Incense sticks have always been there to aid humanity while meditation, relaxing, worshipping, etc. Incense sticks are deeply attached to religious activities in India.
According to 2009 data, India ranked first in the production of Agarbattis leaving behind China and many other countries. Exports of incense sticks started to almost 90 plus countries of the world which increased the incense sticks market by 7% per year. Festivals like Diwali, Dussehra, etc also played an integral role in shooting up the demand of agarbattis and incense cones.
Considering the growing agarbatti market in India, manufacturers are supplying different types of incense sticks to the customers.
Recently, the Indian Agarbatti industry has witnessed an immense rise from Rs 798 crore in 2015 to Rs 965 crore in FYI 2018. Europe, Gulf, and Africa have evolved to be the top leading markets for Indian agarbattis.
Gulf region is witnessing a great demand for strong fragrances like Oudh and Orientals while European’s are more towards fruity and mild fragrances. African market too demands strong fragrances like lemongrass and citronella grass. Champa, Rose, Mogra, etc continue to be the dominant consumer choice in India.

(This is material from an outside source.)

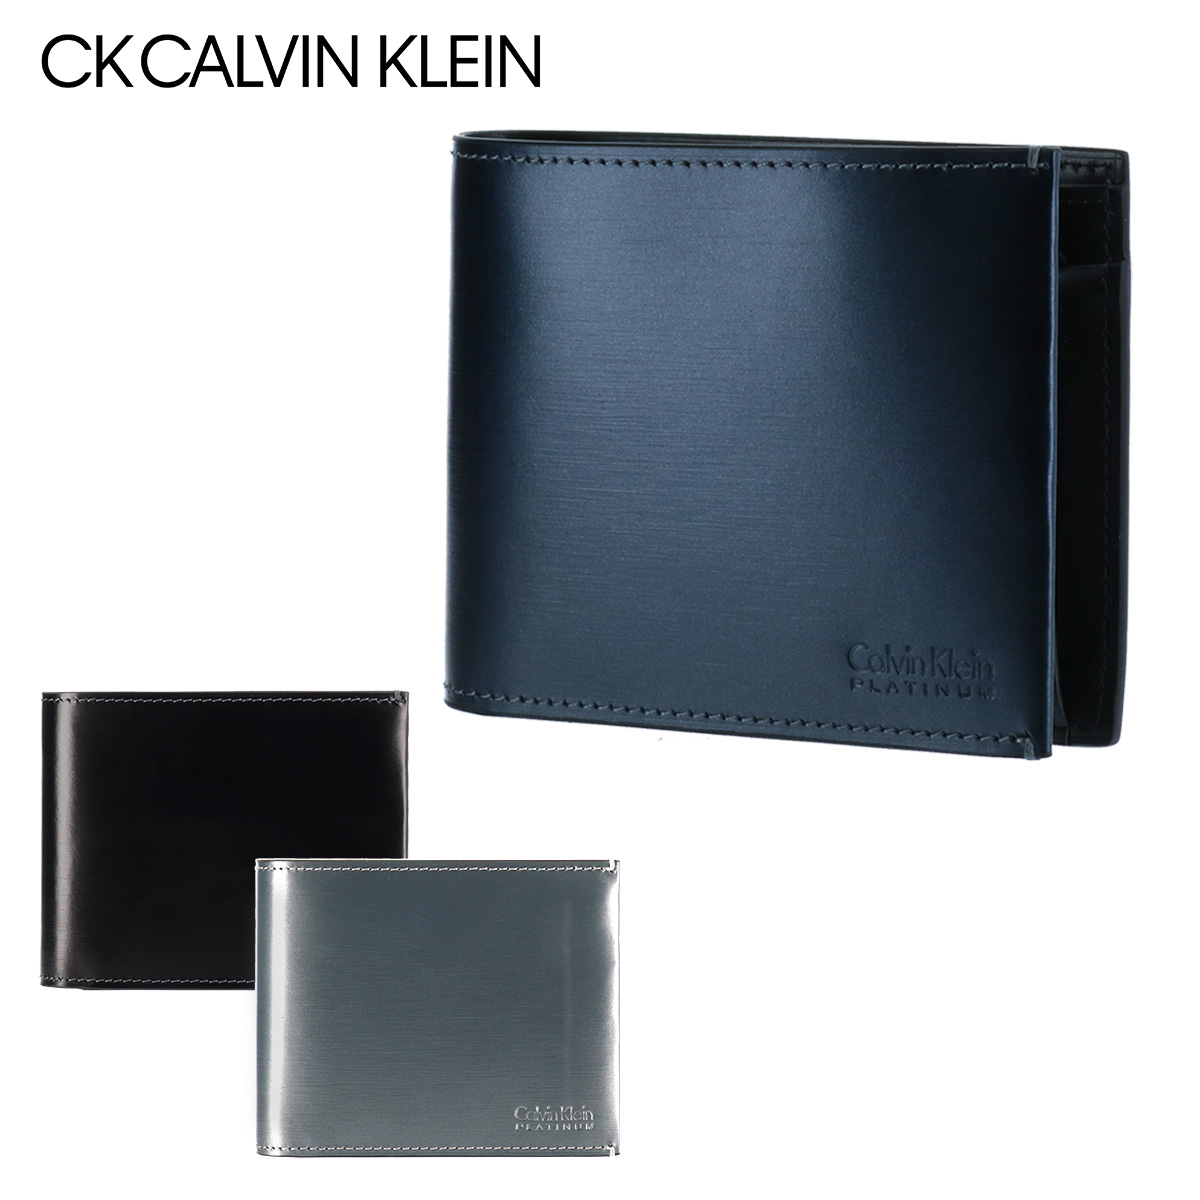 CK CALVIN KLEIN ヘアラインシリーズ

Made with punk sticks and fragrance oils, all the components are naturally extracted. The sticks themselves are imported from China and are made of bamboo. The upper portion being coated with a paste made of sawdust from machilus wood which is highly absorbent and has the tendency to retain fragrance as well. Charcoal is used to make the absorbent punk, and it is favored in incense sticks made in India.
The fragrant oils are made of oil from natural aromatic plants or from other perfumes or fragrances that are mixed in an oil base. Small quantities of paint are used to color-code the ends of the incense sticks depending on their fragrance.
Keeping the competition in mind, Indian incense sticks have brought innovations such as prayer kits and aroma incense boxes that come with accessories. A set, comprising two bags of incense sticks, four bags of incense cones, a candle and incense holders are appealing to the western customers.
Recently NR Group has launched an incense stick namely ‘Iris’ to suit the needs of the international customer. It comes along with African prints or pastels carrying forward the design trends of the year. Bangalore-based Moksh agarbattis too has brought in ‘better packaging and modern designs for the export market.’
Employing up to 20 lakh people in the country, Indian agarbatti industry has become one of the most vibrant industries in our country. Growing at a CAGR of 15%, it is expected to grow exponentially reaching Rs 12,000 crore in the upcoming five years transforming this particular segment even more.